__WORK ORDER__:
Only some lines are wanted. Transcribe, exactly, the lines below from the line with "Mountain Warehouse Snowdon" up to and including the line with "CENTRE DE CHEQUES".

[Stored records]
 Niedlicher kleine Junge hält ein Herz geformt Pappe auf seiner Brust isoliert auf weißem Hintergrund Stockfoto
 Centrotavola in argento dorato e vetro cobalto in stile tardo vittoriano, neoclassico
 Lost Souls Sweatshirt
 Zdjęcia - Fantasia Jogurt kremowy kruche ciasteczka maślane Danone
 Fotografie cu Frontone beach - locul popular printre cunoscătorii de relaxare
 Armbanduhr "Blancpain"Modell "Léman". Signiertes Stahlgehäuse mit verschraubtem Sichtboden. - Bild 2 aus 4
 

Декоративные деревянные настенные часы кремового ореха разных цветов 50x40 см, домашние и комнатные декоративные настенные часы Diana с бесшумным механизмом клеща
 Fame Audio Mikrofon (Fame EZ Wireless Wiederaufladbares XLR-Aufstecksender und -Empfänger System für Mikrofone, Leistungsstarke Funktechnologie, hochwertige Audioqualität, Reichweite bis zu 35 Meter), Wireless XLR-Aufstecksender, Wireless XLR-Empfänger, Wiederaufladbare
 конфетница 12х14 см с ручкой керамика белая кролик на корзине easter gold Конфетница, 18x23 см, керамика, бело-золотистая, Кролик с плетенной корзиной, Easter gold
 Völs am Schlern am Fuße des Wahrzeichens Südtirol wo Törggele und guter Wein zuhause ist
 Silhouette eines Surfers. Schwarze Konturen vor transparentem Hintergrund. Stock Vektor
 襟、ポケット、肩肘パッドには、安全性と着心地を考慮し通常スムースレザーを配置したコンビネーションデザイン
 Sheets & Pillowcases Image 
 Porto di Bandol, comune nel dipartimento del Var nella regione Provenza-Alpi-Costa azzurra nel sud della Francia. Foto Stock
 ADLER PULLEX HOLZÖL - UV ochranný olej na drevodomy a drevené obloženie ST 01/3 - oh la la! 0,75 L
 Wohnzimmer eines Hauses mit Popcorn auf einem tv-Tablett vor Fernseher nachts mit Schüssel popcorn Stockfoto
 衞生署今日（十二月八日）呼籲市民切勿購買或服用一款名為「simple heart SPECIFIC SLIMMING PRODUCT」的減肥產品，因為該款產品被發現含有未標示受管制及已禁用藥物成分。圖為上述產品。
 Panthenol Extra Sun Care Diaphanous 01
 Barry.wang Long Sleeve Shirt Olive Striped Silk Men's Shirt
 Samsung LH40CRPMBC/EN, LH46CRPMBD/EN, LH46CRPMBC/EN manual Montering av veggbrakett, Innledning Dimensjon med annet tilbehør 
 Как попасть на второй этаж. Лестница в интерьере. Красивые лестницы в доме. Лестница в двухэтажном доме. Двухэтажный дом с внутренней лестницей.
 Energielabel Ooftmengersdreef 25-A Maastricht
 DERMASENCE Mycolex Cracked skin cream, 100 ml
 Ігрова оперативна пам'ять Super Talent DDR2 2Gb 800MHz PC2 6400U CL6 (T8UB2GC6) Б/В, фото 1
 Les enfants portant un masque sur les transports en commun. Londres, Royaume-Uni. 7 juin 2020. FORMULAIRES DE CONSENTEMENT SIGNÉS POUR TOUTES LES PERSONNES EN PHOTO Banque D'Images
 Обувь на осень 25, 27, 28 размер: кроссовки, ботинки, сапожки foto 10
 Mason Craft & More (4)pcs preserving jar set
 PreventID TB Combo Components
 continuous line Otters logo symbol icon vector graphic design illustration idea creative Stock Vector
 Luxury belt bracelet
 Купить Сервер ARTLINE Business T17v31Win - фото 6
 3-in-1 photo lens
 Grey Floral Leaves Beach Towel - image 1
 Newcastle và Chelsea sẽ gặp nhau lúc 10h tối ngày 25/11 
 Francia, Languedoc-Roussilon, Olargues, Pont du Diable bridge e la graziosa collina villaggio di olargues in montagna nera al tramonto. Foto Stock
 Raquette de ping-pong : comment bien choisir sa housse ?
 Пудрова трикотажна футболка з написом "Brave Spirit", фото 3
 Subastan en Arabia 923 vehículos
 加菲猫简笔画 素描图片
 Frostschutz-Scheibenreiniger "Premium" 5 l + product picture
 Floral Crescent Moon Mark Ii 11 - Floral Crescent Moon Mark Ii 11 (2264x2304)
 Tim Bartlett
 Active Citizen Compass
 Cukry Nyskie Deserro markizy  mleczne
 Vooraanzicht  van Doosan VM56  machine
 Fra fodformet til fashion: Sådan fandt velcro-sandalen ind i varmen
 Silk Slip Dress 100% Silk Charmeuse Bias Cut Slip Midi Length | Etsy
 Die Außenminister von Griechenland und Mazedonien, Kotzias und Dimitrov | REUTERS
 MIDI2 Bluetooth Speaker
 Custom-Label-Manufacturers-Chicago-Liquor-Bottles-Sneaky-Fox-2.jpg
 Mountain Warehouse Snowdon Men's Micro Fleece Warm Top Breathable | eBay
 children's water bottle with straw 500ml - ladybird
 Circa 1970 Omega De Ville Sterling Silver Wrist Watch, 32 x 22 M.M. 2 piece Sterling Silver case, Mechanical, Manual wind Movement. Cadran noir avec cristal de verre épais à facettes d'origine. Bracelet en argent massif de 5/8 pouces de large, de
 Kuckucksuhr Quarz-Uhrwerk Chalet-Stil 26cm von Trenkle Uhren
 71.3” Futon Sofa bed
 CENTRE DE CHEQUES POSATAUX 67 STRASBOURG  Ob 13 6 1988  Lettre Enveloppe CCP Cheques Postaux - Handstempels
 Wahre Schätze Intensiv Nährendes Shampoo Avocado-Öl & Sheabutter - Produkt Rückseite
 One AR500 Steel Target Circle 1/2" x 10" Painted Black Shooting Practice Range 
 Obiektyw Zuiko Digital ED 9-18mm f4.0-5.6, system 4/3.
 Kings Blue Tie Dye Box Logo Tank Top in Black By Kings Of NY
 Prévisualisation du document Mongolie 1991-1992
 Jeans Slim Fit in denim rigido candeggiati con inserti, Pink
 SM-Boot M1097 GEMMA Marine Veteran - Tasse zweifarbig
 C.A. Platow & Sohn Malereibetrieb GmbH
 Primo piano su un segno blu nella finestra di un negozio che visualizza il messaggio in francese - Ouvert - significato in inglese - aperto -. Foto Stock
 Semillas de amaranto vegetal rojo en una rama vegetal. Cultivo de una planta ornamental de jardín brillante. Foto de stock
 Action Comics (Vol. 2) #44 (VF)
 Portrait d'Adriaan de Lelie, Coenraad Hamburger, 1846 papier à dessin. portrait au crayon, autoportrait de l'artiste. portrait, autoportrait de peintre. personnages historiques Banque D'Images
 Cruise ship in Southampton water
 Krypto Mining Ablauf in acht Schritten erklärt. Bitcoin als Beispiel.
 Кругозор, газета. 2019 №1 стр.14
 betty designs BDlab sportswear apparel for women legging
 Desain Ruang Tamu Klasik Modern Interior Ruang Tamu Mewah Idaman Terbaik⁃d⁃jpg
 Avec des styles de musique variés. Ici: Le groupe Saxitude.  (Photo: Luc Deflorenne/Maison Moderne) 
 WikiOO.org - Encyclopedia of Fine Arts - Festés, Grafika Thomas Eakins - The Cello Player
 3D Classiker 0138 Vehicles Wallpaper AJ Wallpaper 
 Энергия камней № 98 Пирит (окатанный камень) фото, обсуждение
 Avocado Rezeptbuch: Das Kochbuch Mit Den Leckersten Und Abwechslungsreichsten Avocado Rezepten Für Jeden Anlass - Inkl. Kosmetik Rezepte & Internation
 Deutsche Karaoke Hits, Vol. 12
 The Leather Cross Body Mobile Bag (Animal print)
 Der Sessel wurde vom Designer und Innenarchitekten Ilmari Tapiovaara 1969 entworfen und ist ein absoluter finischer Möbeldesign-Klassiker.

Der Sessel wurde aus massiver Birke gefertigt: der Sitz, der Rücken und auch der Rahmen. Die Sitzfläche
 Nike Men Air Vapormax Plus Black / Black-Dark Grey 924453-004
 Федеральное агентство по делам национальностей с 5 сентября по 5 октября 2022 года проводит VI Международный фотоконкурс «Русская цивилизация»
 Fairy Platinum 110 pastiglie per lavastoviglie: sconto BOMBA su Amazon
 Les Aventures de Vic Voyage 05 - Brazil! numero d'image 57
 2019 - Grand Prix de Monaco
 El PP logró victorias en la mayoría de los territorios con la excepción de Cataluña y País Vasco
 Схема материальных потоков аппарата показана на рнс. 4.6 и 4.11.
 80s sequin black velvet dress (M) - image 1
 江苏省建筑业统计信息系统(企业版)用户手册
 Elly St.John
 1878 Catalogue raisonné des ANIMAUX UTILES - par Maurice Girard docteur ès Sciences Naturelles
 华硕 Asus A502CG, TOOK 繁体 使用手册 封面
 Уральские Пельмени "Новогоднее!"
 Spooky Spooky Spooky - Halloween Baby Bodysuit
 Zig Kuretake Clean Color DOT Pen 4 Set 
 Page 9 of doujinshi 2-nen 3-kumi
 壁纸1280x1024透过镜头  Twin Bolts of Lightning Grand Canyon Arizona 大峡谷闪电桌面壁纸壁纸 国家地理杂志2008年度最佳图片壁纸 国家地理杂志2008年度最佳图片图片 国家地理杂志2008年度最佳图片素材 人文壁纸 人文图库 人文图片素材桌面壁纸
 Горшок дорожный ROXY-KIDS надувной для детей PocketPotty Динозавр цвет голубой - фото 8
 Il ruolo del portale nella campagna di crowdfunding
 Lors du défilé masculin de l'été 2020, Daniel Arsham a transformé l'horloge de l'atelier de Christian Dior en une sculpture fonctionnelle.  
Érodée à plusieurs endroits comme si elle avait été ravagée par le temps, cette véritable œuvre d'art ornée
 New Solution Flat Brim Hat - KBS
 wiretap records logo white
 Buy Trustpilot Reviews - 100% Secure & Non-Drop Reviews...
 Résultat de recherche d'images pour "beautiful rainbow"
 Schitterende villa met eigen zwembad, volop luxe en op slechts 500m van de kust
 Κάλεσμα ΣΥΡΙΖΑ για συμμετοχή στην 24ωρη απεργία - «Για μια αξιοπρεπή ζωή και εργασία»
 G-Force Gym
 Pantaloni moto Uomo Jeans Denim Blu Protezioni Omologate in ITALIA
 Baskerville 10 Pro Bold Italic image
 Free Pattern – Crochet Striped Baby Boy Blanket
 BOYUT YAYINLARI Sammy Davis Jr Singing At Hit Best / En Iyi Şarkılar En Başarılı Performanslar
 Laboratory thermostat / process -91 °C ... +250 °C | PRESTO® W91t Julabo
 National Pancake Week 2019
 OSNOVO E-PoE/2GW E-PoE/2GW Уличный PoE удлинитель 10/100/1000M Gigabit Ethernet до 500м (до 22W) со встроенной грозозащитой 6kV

__WRITTEN ANSWER__:
 Mountain Warehouse Snowdon Men's Micro Fleece Warm Top Breathable | eBay
 children's water bottle with straw 500ml - ladybird
 Circa 1970 Omega De Ville Sterling Silver Wrist Watch, 32 x 22 M.M. 2 piece Sterling Silver case, Mechanical, Manual wind Movement. Cadran noir avec cristal de verre épais à facettes d'origine. Bracelet en argent massif de 5/8 pouces de large, de
 Kuckucksuhr Quarz-Uhrwerk Chalet-Stil 26cm von Trenkle Uhren
 71.3” Futon Sofa bed
 CENTRE DE CHEQUES POSATAUX 67 STRASBOURG  Ob 13 6 1988  Lettre Enveloppe CCP Cheques Postaux - Handstempels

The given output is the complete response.